The single embryonic truncus arteriosus will give rise to the definitive ascending aorta and pulmonary trunk—so we will build a septum to divide it (trunco-conal septum).
What about the sinus venosus, you say? Remember that the left-to-right venous shunting in the embryo enlarged the right sinus horn and caused the left sinus horn to shrink. The right sinus horn is the only part of the sinus venosus to figure into internal heart development. It is absorbed into the wall of the common primitive atrium and will ultimately become the smooth part (sinus venarum) of the internal right atrium.

All of this of course is happening simultaneously in the developing embryonic heart—but to keep us sane, we will discuss each event as if it occurs in sequence.

Remodeling of the primitive (common) atrium

Recall that the left and right atria in the definitive heart both have smooth and rough parts.
The original internal texture of the entire primitive atrium is rough—it has ridges called trabeculae. However, the definitive atria are not entirely rough—they also have smooth parts. How does this come about? The answer is that nearby veins (having smooth inner linings) are absorbed into the walls of the future right and left atria, via a process called intussusception = the taking up of one structure within another, kind of like folding up an old-fashioned telescope.

Right side of the atrium
Left side of the atrium

All this left-to-right venous remodeling enlarges the right sinus horn.
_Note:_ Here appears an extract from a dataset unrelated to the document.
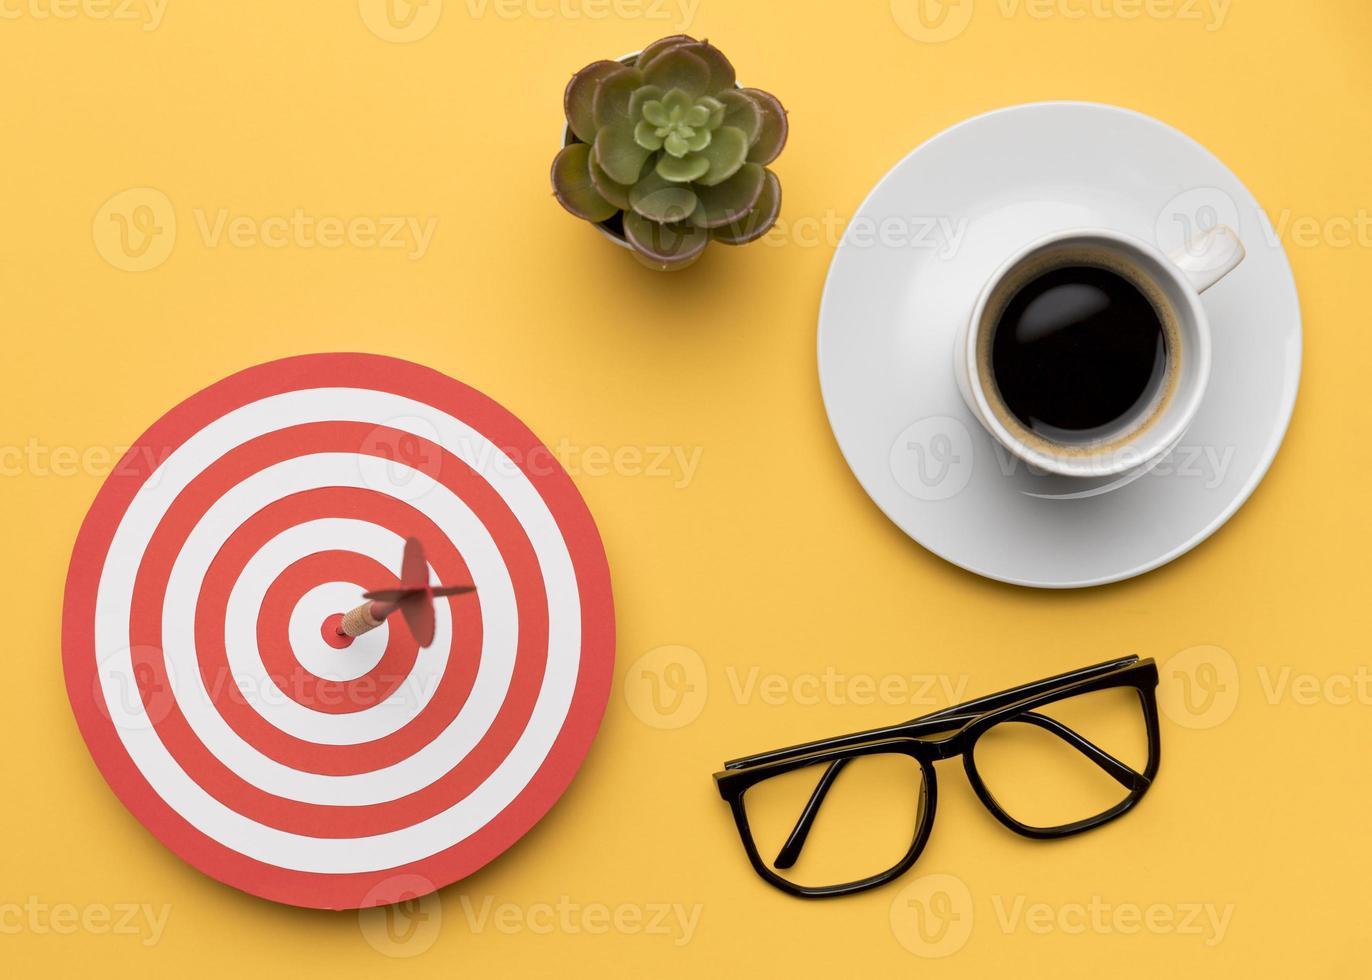 dartbord, glazen en een kopje koffie foto

It is absorbed into the right posterior wall of the atrium, becoming the smooth part of the definitive right atrium (sinus venarum). The left sinus horn gives rise to the coronary sinus. Since the sinus horns are connected, the coronary sinus will empty into the future right atrium. Also, since the SVC and IVC connect to the right sinus horn, they too will empty into the definitive right atrium.
Intussusception of the right sinus horn into the posterior right side of the common atrium displaces the original rough (trabeculated) part. It is pushed around the heart to become the definitive right auricle. It is thus visible on the external heart from an anterior view. This is why the auricle has rough internal texture = the pectinate muscle.
In the definitive right atrium, an internal ridge indicates where the smooth part and trabeculated part have fused—this is the crista terminalis. This structure is significant because it contains fibers of the heart’s conducting system that carry impulses from the pacemaker (SA node) to the AV node.
Intussusception of the right sinus horn also produces a flap of tissue adjacent to the internal orifice of the inferior vena cava. This is called the valve of the IVC. This is important to the embryo since it directs the flow of blood entering the right atrium via the umbilical vein toward a hole in the interatrial septum (foramen ovale). This oxygen-rich blood from the placenta thus bypasses the right atrium and enters the left atrium (discussed later).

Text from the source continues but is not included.